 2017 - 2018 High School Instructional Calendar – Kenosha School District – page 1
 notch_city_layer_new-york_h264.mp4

________________________________________

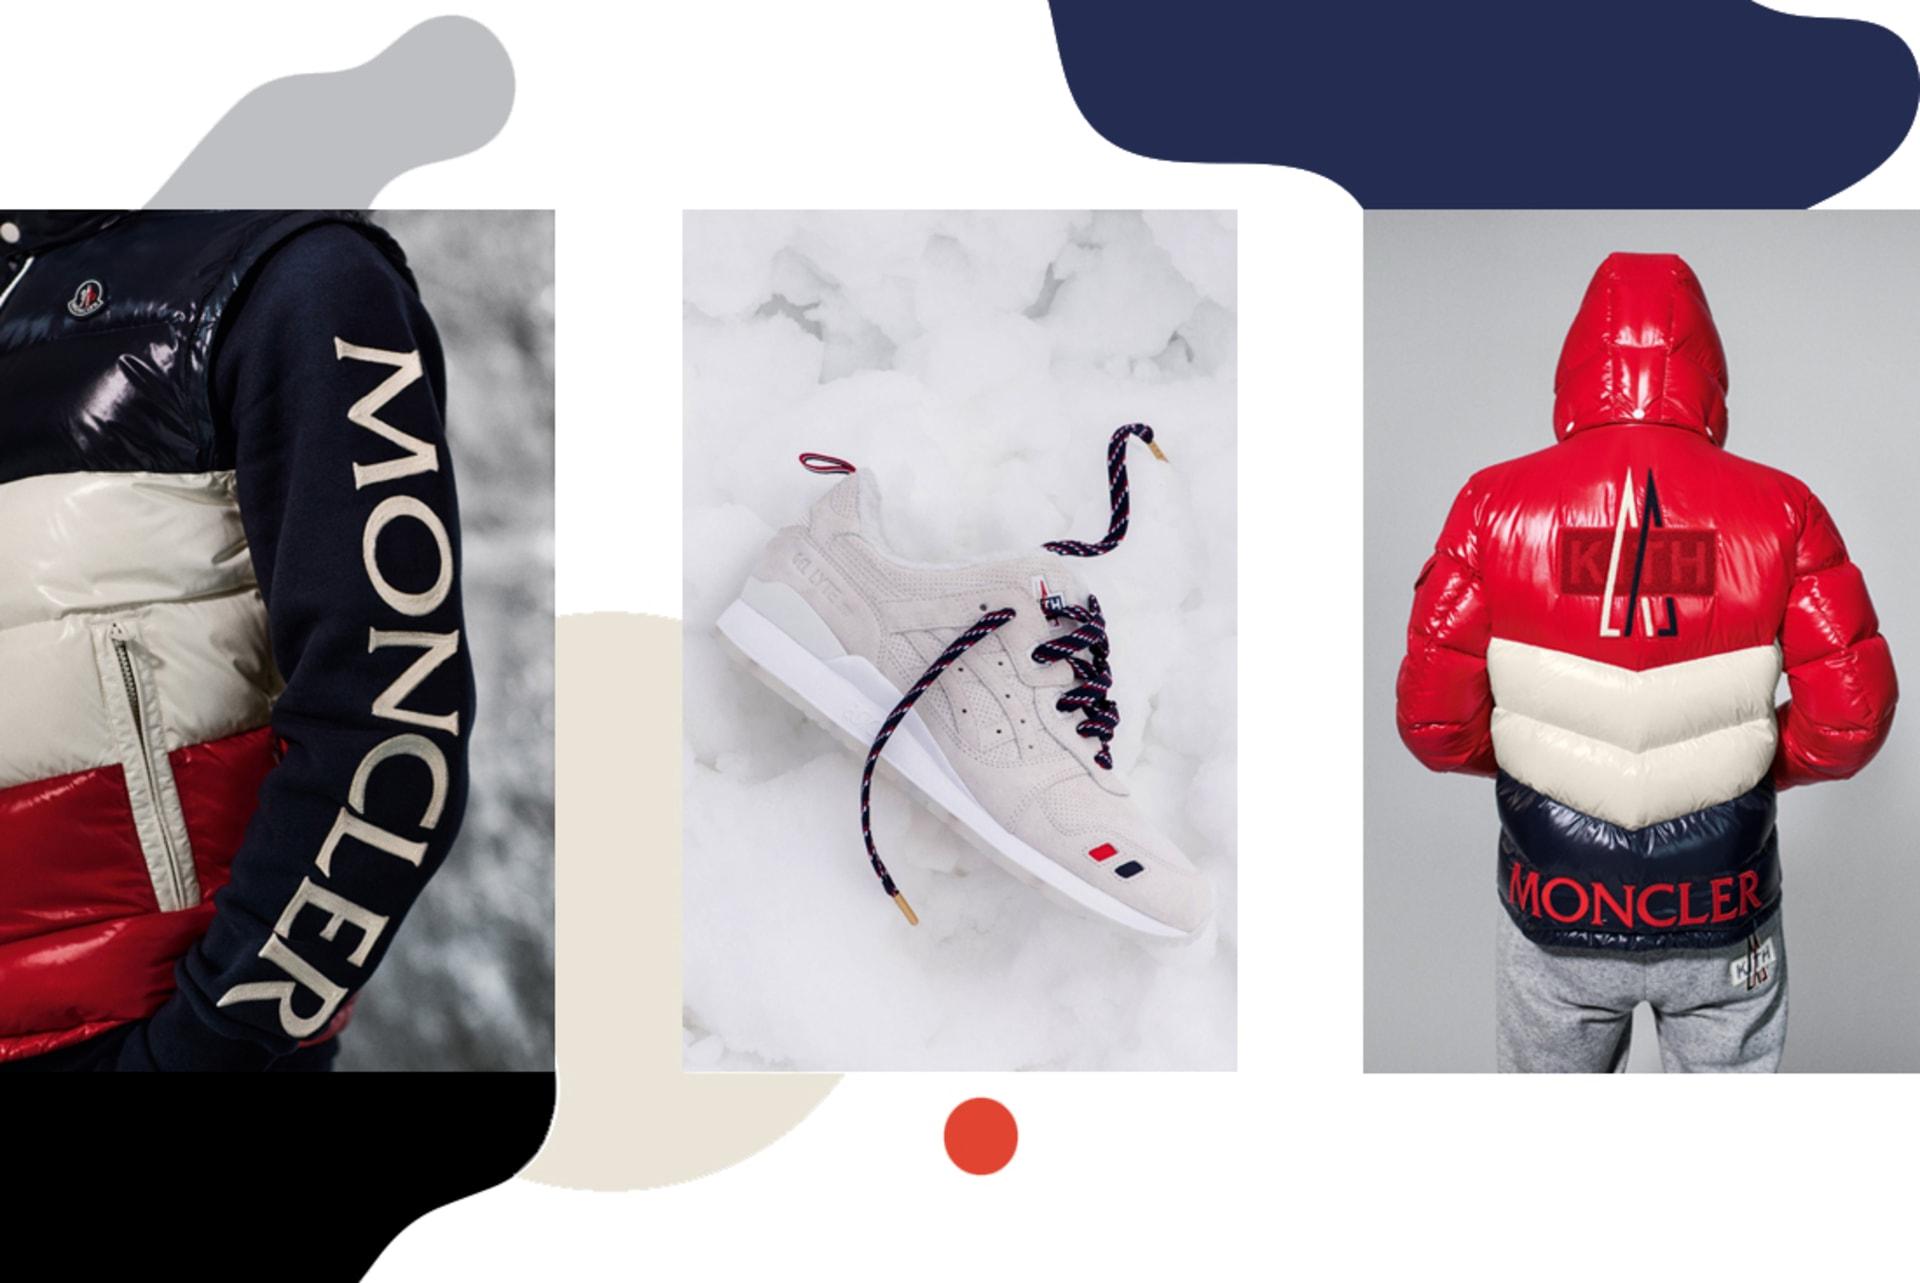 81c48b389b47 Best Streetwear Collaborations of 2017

________________________________________

*What is expected*. Could you repeat exactly the lines above from the line with "2017 - 2018" up to and including the line with "notch_city_layer_new-york_h264.mp4", and only those?

*Expected answer*.
 2017 - 2018 High School Instructional Calendar – Kenosha School District – page 1
 notch_city_layer_new-york_h264.mp4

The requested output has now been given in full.